Due to the terms on which the B Shares were issued and subsequently redeemed, and as they were unlisted and non-transferable, their market value has been assessed, below, as equal to their nominal value of one pence on 5 July 2024. The market value of the Ordinary shares is calculated with reference to their market value on the first day of trading after the issue of the B shares, which is considered to be 5 July 2024.
Accordingly, the aggregate base cost of the Ordinary shares which should be apportioned against the B Shares redemption proceeds, received by shareholders on 10 July 2024, is 45.79%, calculated as follows:
Class of share |
Market value on first (pence per share) |
Relevant ratio used for the issue of B Shares |
Relevant value (pence per share) |
Relevant percentage |
Ordinary share* |
45.1 |
21 |
947.1 |
54.21% |
B Share |
1 |
800 |
800 |
45.79% |
* The lower of the two prices for an Ordinary share shown in the London Stock Exchange Daily Official List for 5 July 2024 as the closing price for an Ordinary share on that day plus one-half of the difference between those two figures in accordance with SI 2015/616. |
The information above does not constitute tax advice and is intended only as a guide to United Kingdom law and HMRC published practice (which are both subject to change at any time, possibly with retrospective effect) in June 2024. It relates only to certain limited aspects of the United Kingdom taxation treatment of shareholders and is intended to apply only to shareholders who are resident in the United Kingdom for United Kingdom tax purposes and who are, and were the absolute beneficial owners of their Ordinary shares and B Shares and who hold, or held, them as investments (and not as securities to be realised in the course of a trade) other than under an ISA. The information above may not apply to certain shareholders, such as, but not limited to, dealers in securities, insurance companies, collective investment schemes and shareholders who are exempt from taxation. The position may be different for future transactions.

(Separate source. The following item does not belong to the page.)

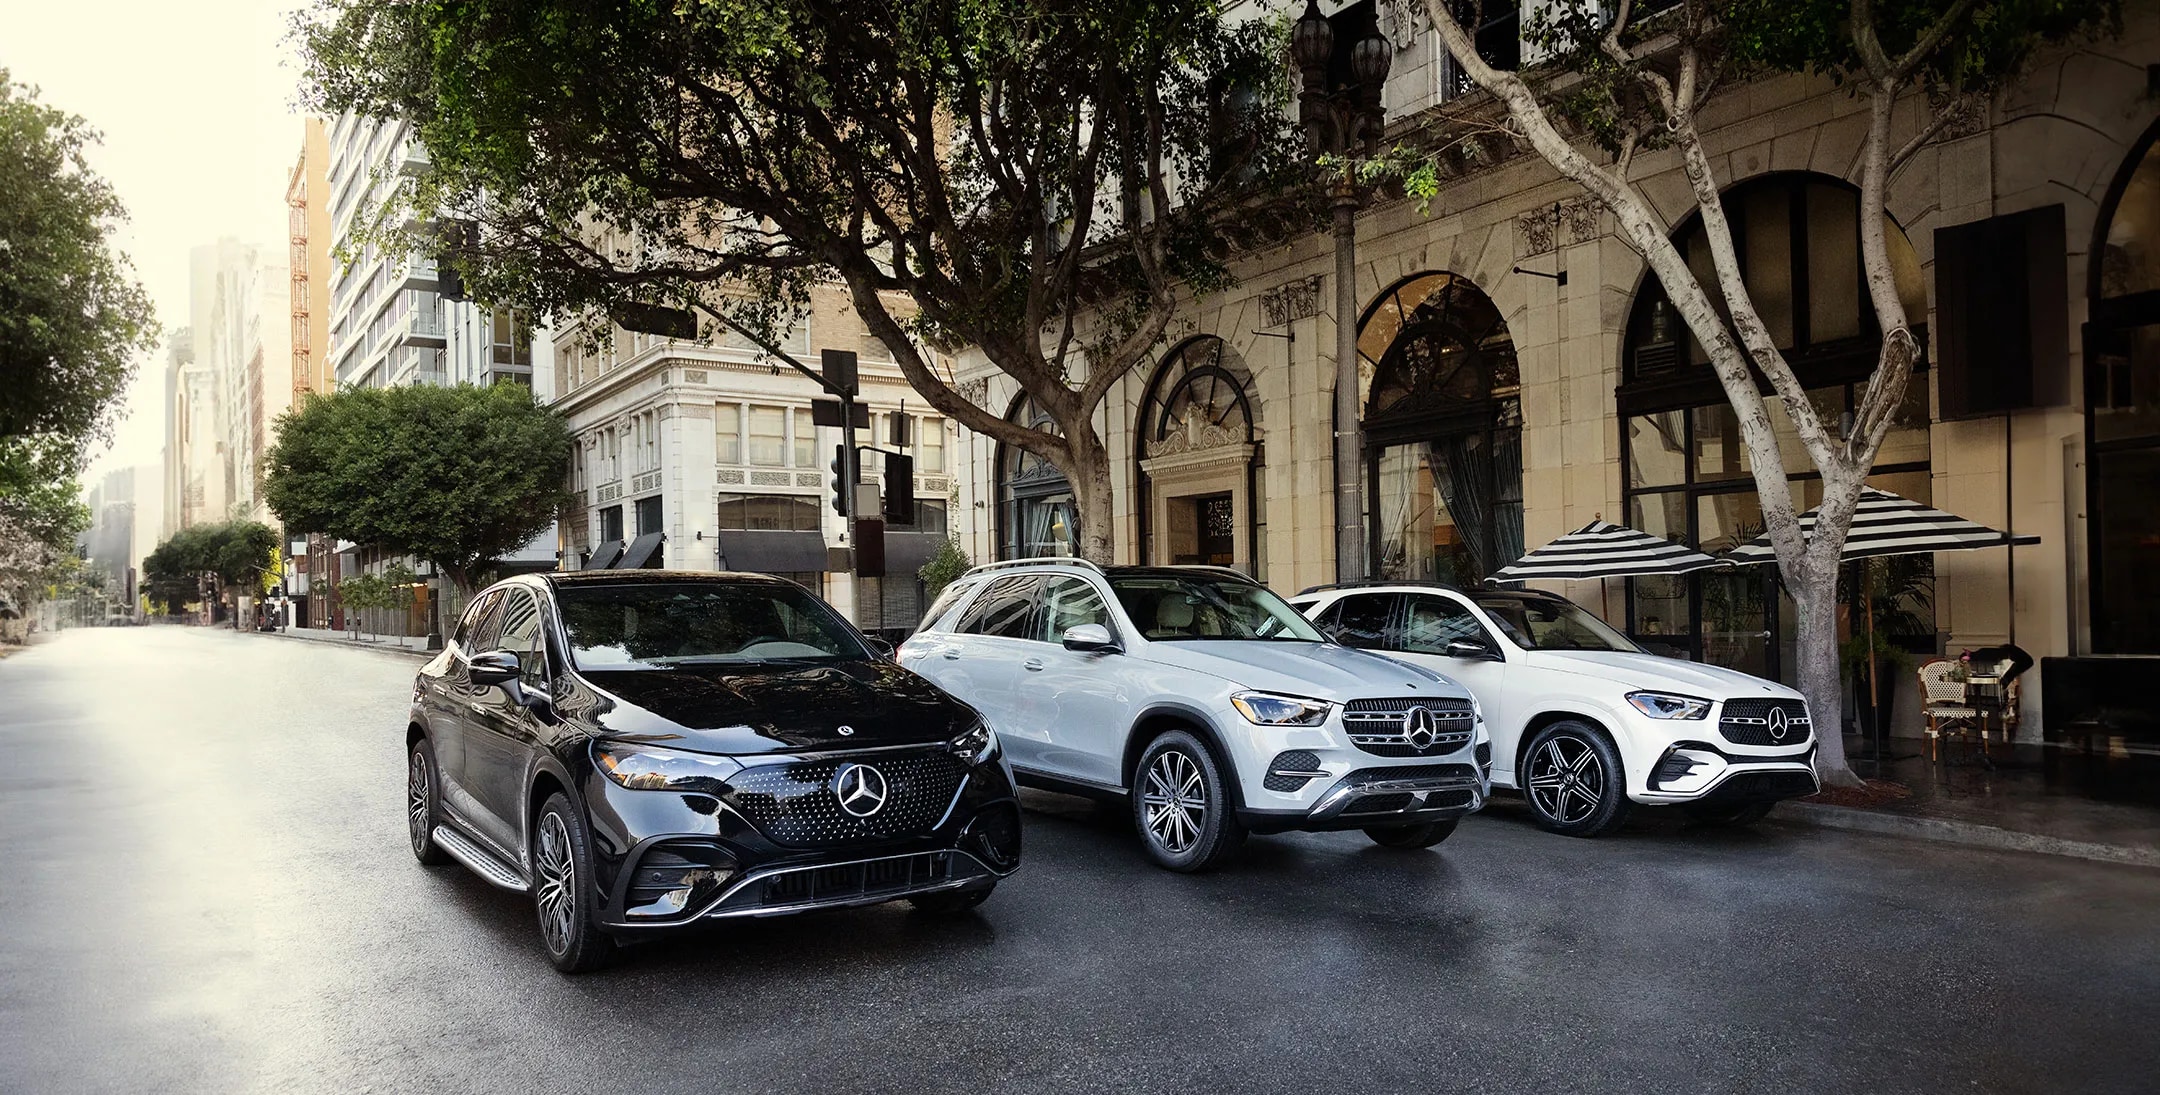 A lineup of new Mercedes-Benz vehicles

Shareholders who are in any doubt as to their tax position or who are subject to tax in a jurisdiction other than the United Kingdom should consult an appropriate professional adviser.

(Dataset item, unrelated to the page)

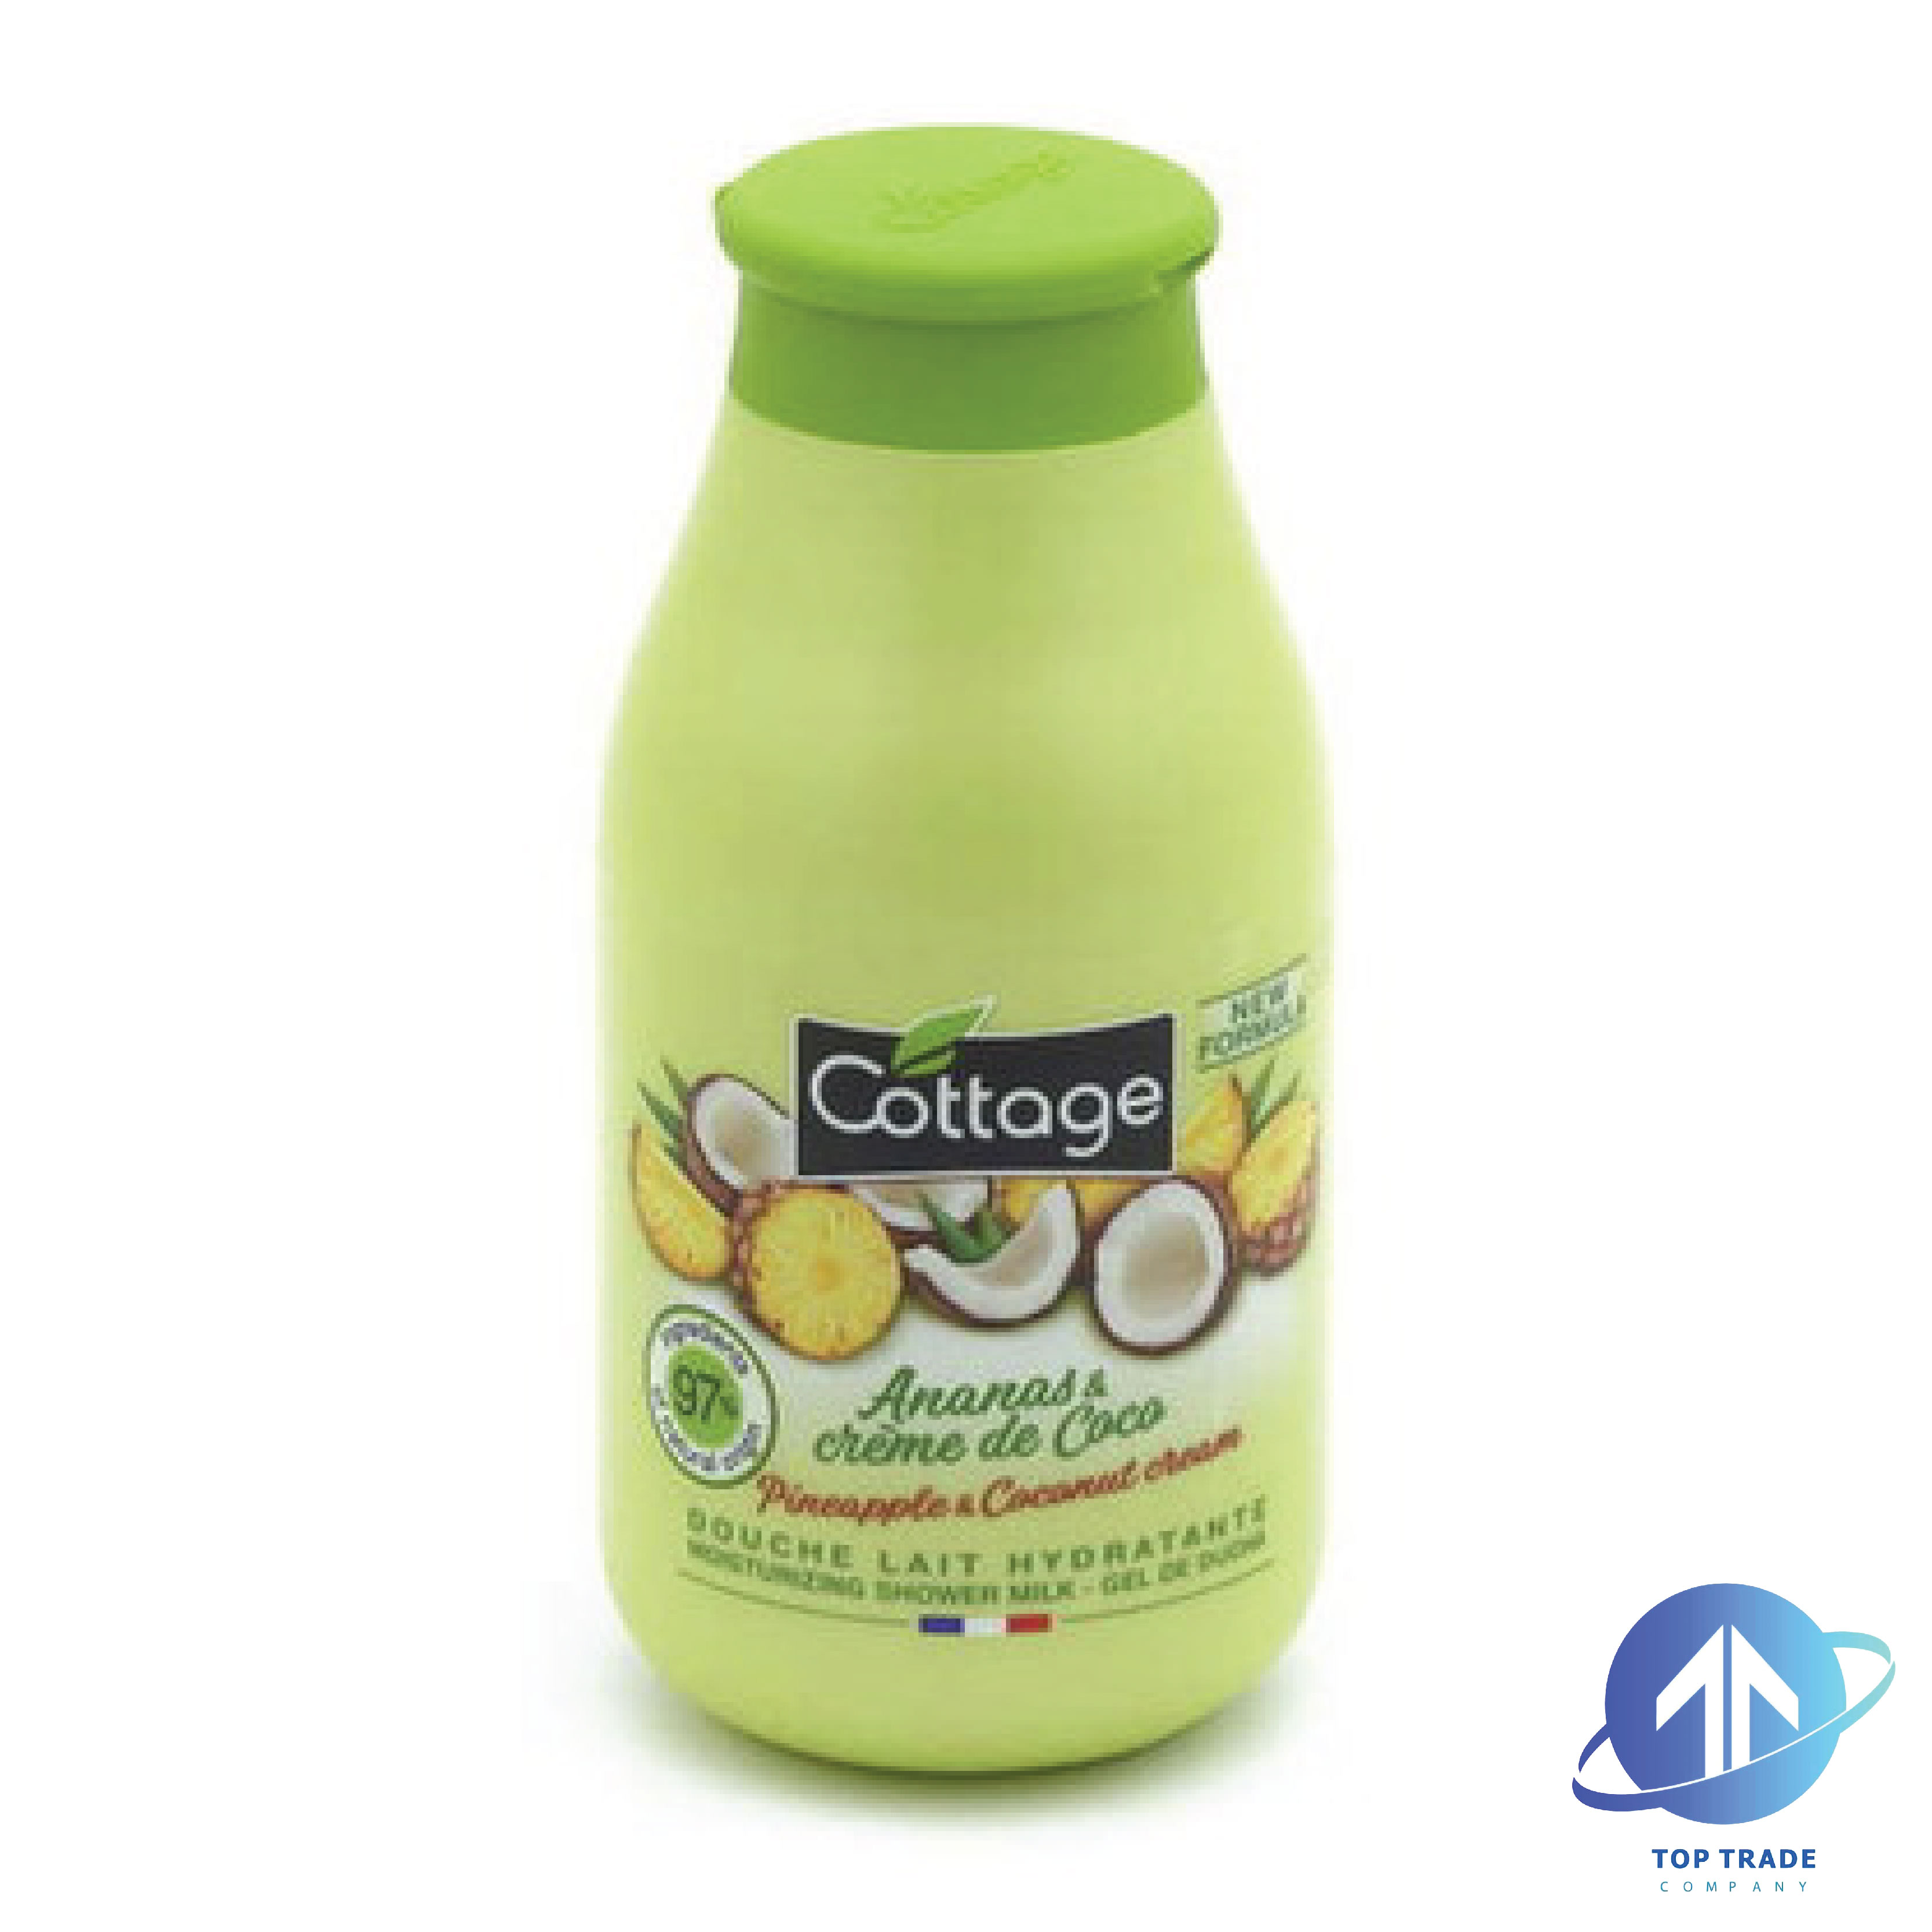 Cottage shower milk Pineapple & Coconut Cream 250ml

Additional Notes to the Annual Financial Report
The published Annual Report will be posted to shareholders in January 2025 and copies will be available from the registered office of the Company and on the Company's website at - www.abrdndiversified.co.uk *
Please note that past performance is not necessarily a guide to the future and that the value of investments and the income from them may fall as well as rise. Investors may not get back the amount they originally invested.
By order of the Board
abrdn Holdings Limited
Company Secretary
20 January 2025
* Neither the Company's website nor the content of any website accessible from hyperlinks on the Company's website (or any other website) is (or is deemed to be) incorporated into, or forms (or is deemed to form) part of this announcement.